In dem Bericht zeigen die Wissenschaftler aus den verschiedensten Disziplinen auf, dass "in der deutschen Mehrheitsgesellschaft in erheblichem Umfang antisemitische Einstellungen in unterschiedlichen inhaltlichen Ausprägungen vorhanden sind, die wiederum auf weitverbreiteten Vorurteilen und tief verwurzelten Klischees beziehungsweise auf schlichtem Unwissen über Juden und Judentum basieren". Nach Einschätzung der Wissenschaftler weisen heute etwa 20 Prozent der Bevölkerung in Deutschland antisemitische Tendenzen auf. Dabei gilt "das rechtsextremistische Lager als nach wie vor wichtigster Träger des Antisemitismus" in der Bundesrepublik, wie der Expertenkreis schreibt.
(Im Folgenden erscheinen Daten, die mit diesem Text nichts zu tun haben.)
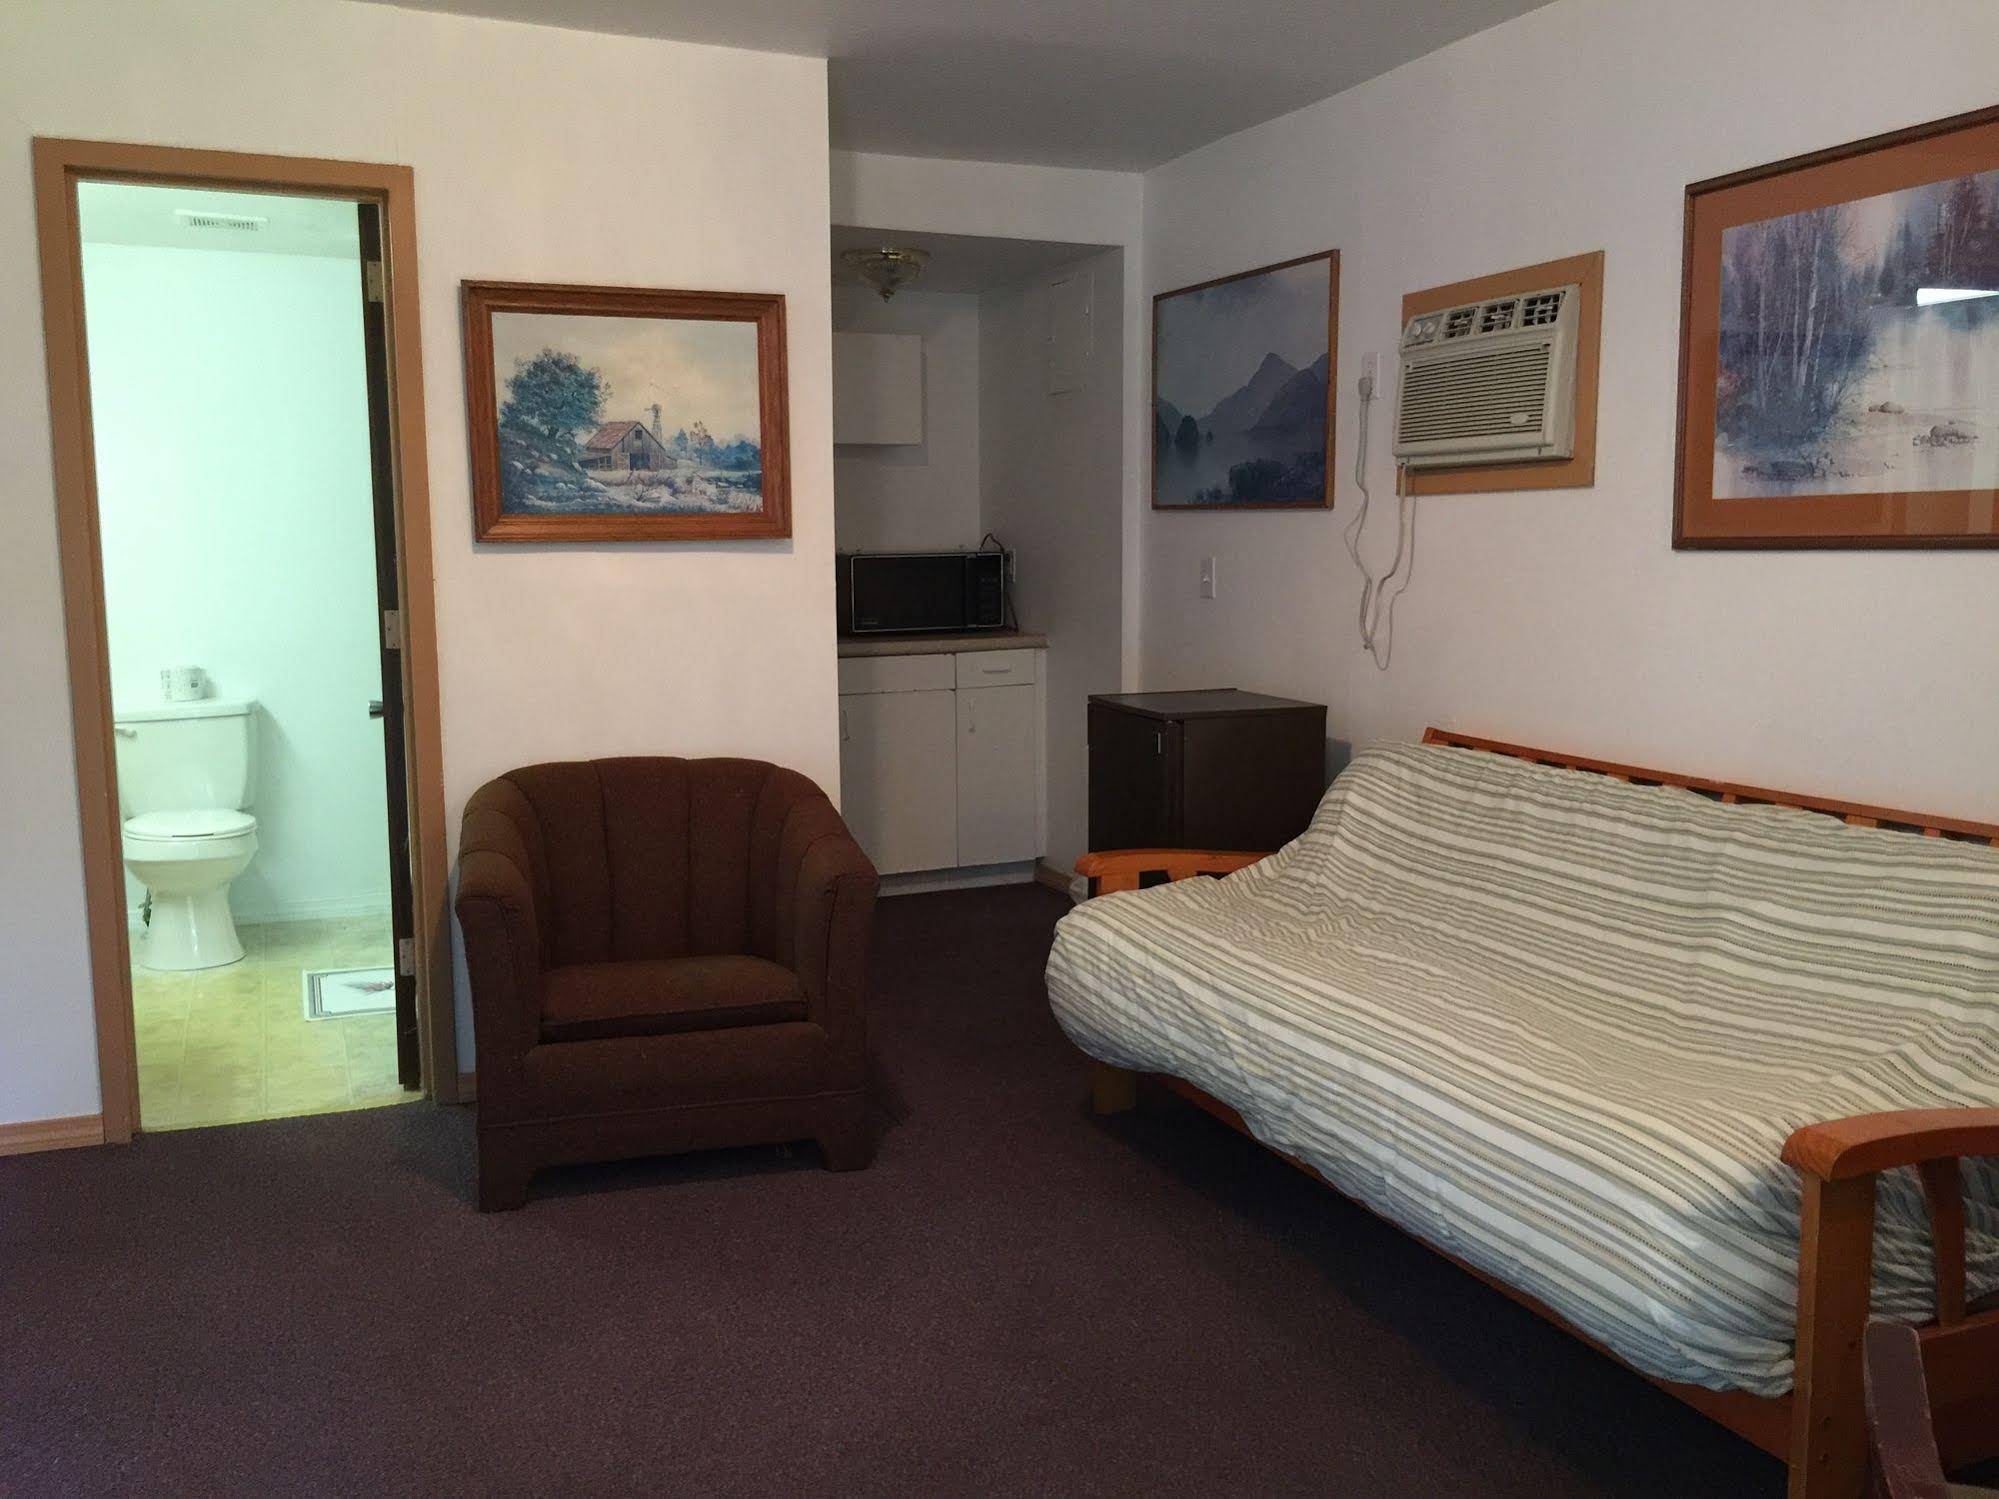 Adirondack Oasis Motel

Während der Antisemitismus im rechtsextremen Spektrum zum konstitutiven Bestandteil der Ideologie und des Lagerzusammenhaltes gehöre, sei dies beim Linksextremismus nicht der Fall. Trotzdem gebe es auch unter Linksextremisten "Positionen, die einen antisemitischen Diskurs befördern können".

Differenzen erkennbar

Waren sich alle Fraktionen in ihrer klaren Verurteilung jeder Form von Antisemitismus einig, ließen sich bei der Frage nach seiner konkreten Bekämpfung Differenzen erkennen. Friedrich kündigte an, dass man die in dem Bericht enthaltenen Empfehlungen "sorgfältig prüfen" und auch umsetzen werde, "soweit sie sinnvoll, notwendig, finanzierbar und nicht schon durchgeführt sind". Zugleich sprach sich der Minister dafür aus, den Bericht mindestens einmal pro Wahlperiode zu aktualisieren.

Thierse plädierte dafür, dass der Bundestag in jeder Legislaturperiode über einen solchen Bericht debattieren solle. Zudem forderte er eine "Verstetigung" der Bundesprogramme gegen Extremismus. Da "gruppenbezogene Menschenfeindlichkeit, Rassismus, Antisemitismus" andauernde Probleme seien, bedürfe es auch einer dauerhaften Bekämpfung. Für Die Linke beklagte Petra Pau, es gebe immer mehr Initiativen gegen Antisemitismus, "die finanziell ausbluten, weil sie bundespolitisch allein gelassen werden". Sie forderte, gesellschaftliche Initiativen gegen Rechtsextremismus, Rassismus und Antisemitismus "verlässlich" zu fördern. Auch müsse man Antisemitismus "parteiübergreifend ächten und viel mehr zur Prävention tun". Beck sagte mit Blick auf die Empfehlungen des Expertenkreises, Fraktionen und Bundesregierung müssten sich nun "zusammensetzen und schauen, wie wir diese Dinge auf den Weg bringen". Dazu gehöre für ihn auch die Beseitigung der sogenannten Extremismusklausel. Auch dürften Projekte, die vor Ort arbeiten, "nicht immer nur eine Finanzierung auf drei Jahre bekommen".

"Etwas zögerlich"

Der FDP-Abgeordnete Stefan Ruppert zeigte sich als Anhänger von "Extremismusbekämpfungsprogrammen". Am Ende sei aber "das Problem nur durch die Gesamtheit der Bürger, durch die Zivilgesellschaft zu lösen" und nicht "durch einzelne Programme, so wichtig sie auch sind". Der CSU-Parlamentarier Hans-Peter Uhl zeigte sich "etwas zögerlich", wenn es darum gehe, konkrete Projekte auf Bundesebene zu starten. Es sei vielmehr Aufgabe der Kommunen, den Antisemitismus zu bekämpfen. "Wir sollten assistieren" und "alles dazu beitragen, was man tun kann", fügte er hinzu. Notwendig sei, in den Kommunen zivilgesellschaftlich tätig zu werden, "wo am Stammtisch immer wieder Antisemitismus aufflackert".